Ok, I unzip all the folders. RTun again the script. Same errors. This is so frustrating...

I've made a search on all my folders and I have more folders called tokenizers but in other paths. One is for Stable Diffusion. But, this doesn't explain why it also doesn't get the taggers package and maybe also if possible, can I force to look to tokenizers folder and taggers folder in a specific path?

I think it should only look under a .../nltk_data path, so I think that should be fine.
This is my punkt folder:
image
And this is my punkt.zip:
image
And then this is the content of the punkt folder inside of the punkt.zip:
image

Thanks Tom!

It looks pretty similar to mine. Do you see anything wrong?

nltk-screenshot tokeenizers-screenshot punkt-screenshot taggers-screenshot

Appreciate your help!

Nothing too odd. I suppose you could try deleting the .xml files, and perhaps the folders other than tokenizers and taggers in the first screenshot. I think once you have that, then we match perfectly.

Other than that maybe my punkt.zip directly has a punkt folder inside of it instead of files directly - I'm not sure how this looks for you.

Ok, I have done the changes you have suggested.

Unfortunately and I still can't get why. It isn't working.

Damm it!

I'm puzzled too. What version of nltk are you using? Perhaps it's an older one?

No I just intalled several times nltk it should be the last one.

I've also looked at where it is installed and I get these paths: c:\users\zaesa\appdata\local\packages\pythonsoftwarefoundation.python.3.10_qbz5n2kfra8p0\localcache\local-packages\python310\scripts\nltk.exe
c:\users\zaesa\appdata\local\packages\pythonsoftwarefoundation.python.3.10_qbz5n2kfra8p0\localcache\local-packages\python310\site-packages\nltk-3.8.1.dist-info*
c:\users\zaesa\appdata\local\packages\pythonsoftwarefoundation.python.3.10_qbz5n2kfra8p0\localcache\local-packages\python310\site-packages\nltk*

I'm so confused...

Weird, when I try to check the version of nltk I get this message:

PS C:\Users\zaesa\OneDrive\Escritorio\code\UtadGPT> python -m nltk C:\Users\zaesa\AppData\Local\Microsoft\WindowsApps\PythonSoftwareFoundation.Python.3.10_qbz5n2kfra8p0\python.exe: No module named nltk.__main__; 'nltk' is a package and cannot be directly executed

Maybe there is a possible reason?

That's normal, I have that too. Only python -m nltk.downloader should work

Ok, found a work around. This is what I get:

PS C:\Users\zaesa\OneDrive\Escritorio\code\UtadGPT> pip show nltk Name: nltk Version: 3.8.1 Summary: Natural Language Toolkit Home-page: https://www.nltk.org/ Author: NLTK Team Author-email: nltk.team@gmail.com License: Apache License, Version 2.0 Location: c:\users\zaesa\appdata\local\packages\pythonsoftwarefoundation.python.3.10_qbz5n2kfra8p0\localcache\local-packages\python310\site-packages Requires: click, joblib, regex, tqdm Required-by: unstructured

So, it seems everything is fine. What makes less sense why it isn't working. There has to be another reason. Maybe regards Langchain working with nltk?

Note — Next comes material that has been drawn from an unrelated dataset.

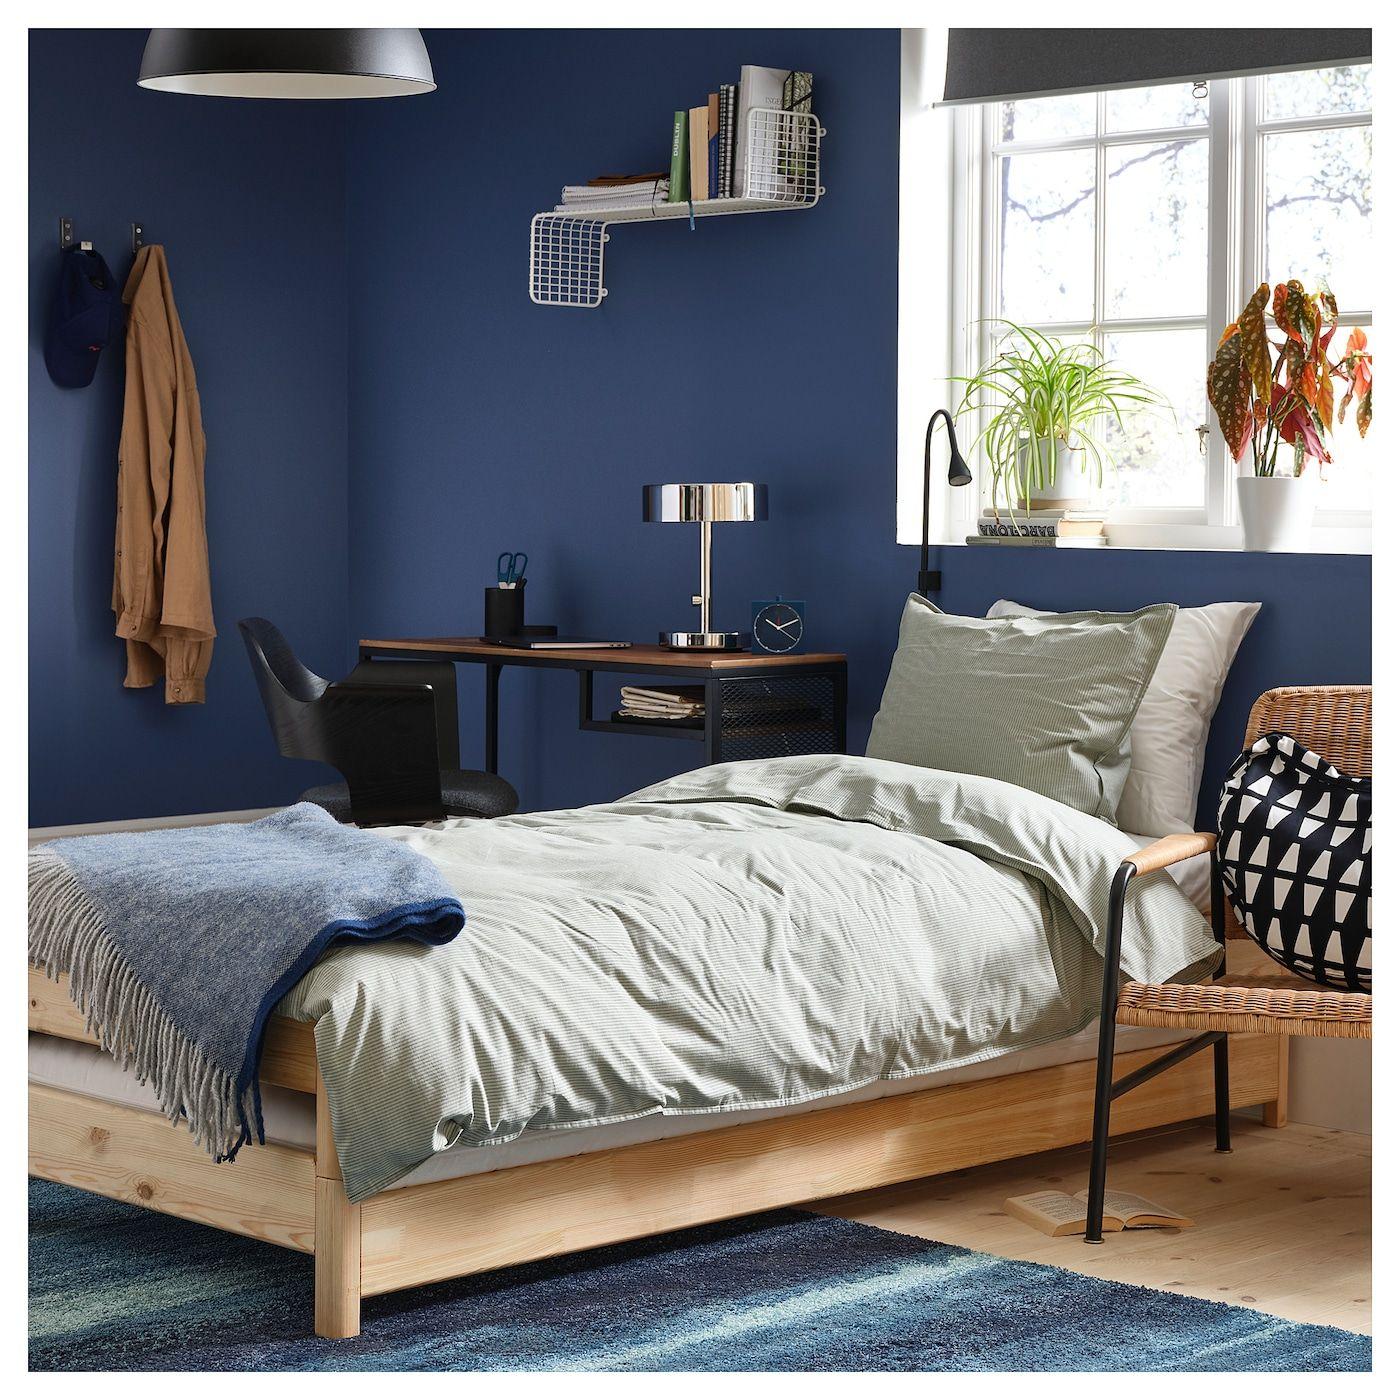 UTÅKER Stackable bed with 2 mattresses, pine, Husvika

It seems to be via unstructured. I don't think they use nltk for all that much: https://github.com/search?q=repo%3AUnstructured-IO%2Funstructured%20nltk&type=code

Oh, so it seems a problem with Langchain right?

Maybe there is some type of incompatibilities....

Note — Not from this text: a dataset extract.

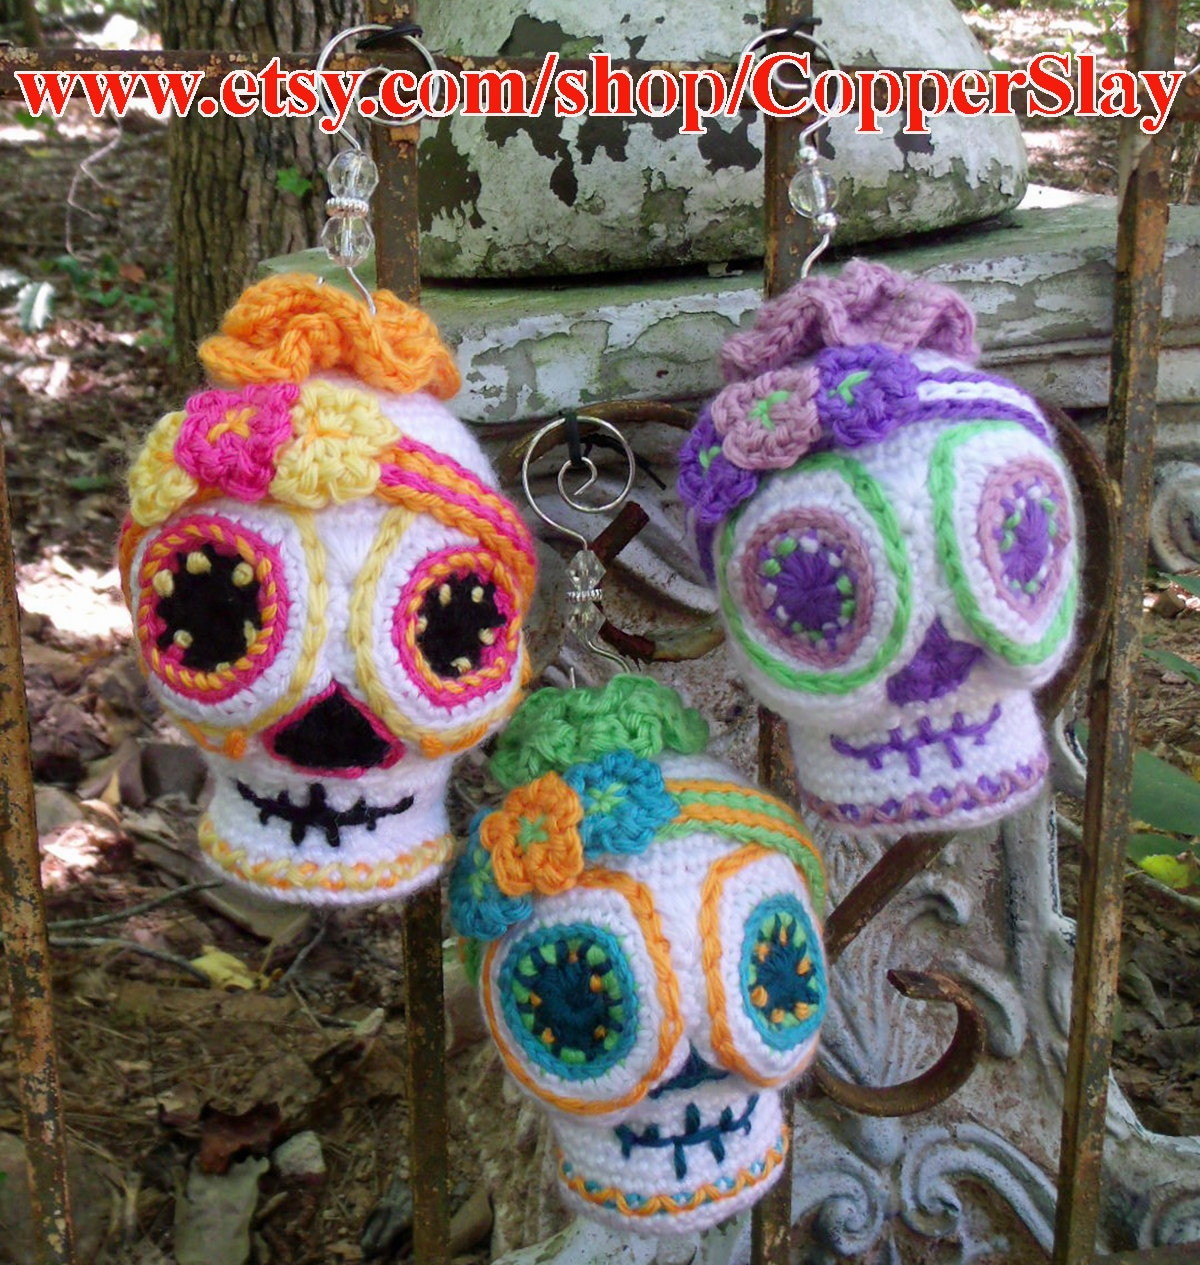 Sugar Skull Crochet Pattern Amigurumi Day of the Dead Halloween crochet ornament decor doll SugarSpun Skullz by CopperSlay

Unstructured just pushed a release 5 minutes ago: https://github.com/Unstructured-IO/unstructured/releases/tag/0.8.7

Upgrading to that fixed it for me.

Awesome! I hope that fixes it for you too @venturaEffect

So do I have to pip install langchain again @akowalsk ? Appreciate any guidance 🙏

I think pip install -U unstructured should do it.

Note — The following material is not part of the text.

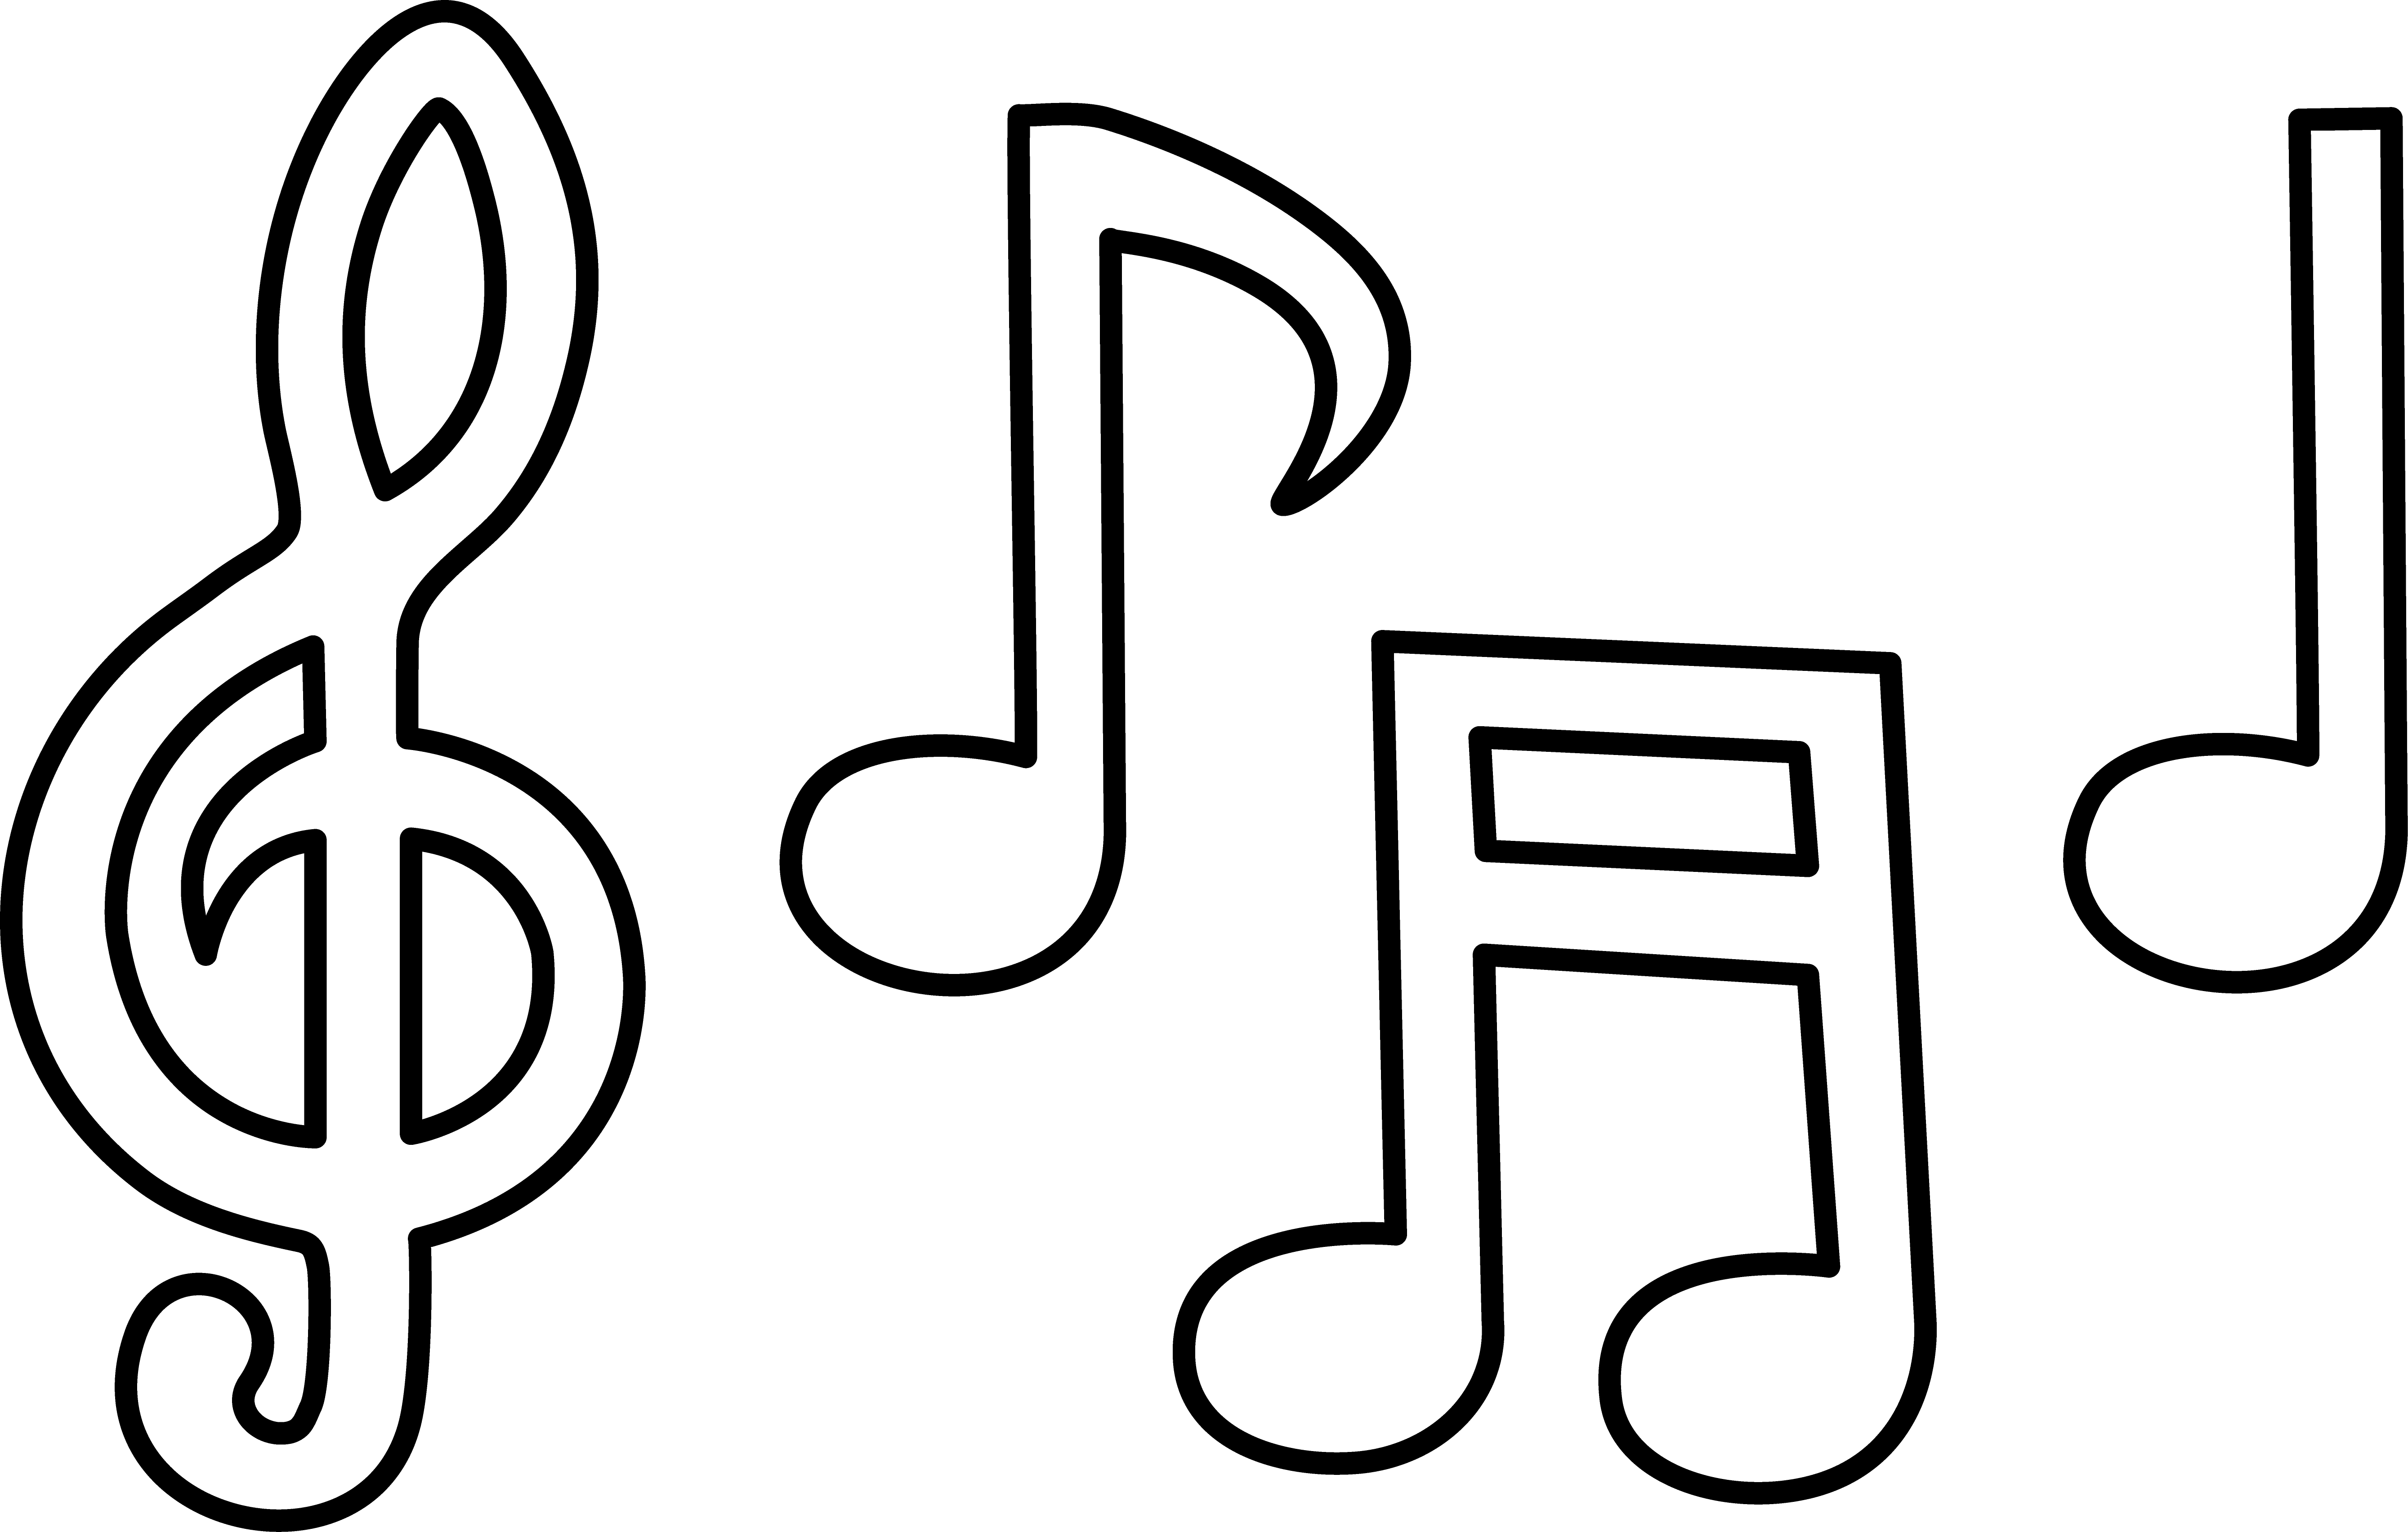 Drawn music notes rap music Clip Art Free Line Free

I don't think so, you should just have to do pip install -U unstructured. I can't say for sure though because I'm using unstructured directly right now. My error was exactly the same as what you saw and it went away once I upgraded to 0.8.7.

Thank you soooo much @akowalsk !! You saved my day! Wish you a wonderful weekend!

Also thanks a lot to @tomaarsen . Amazing support!! Enjoy the weekend!!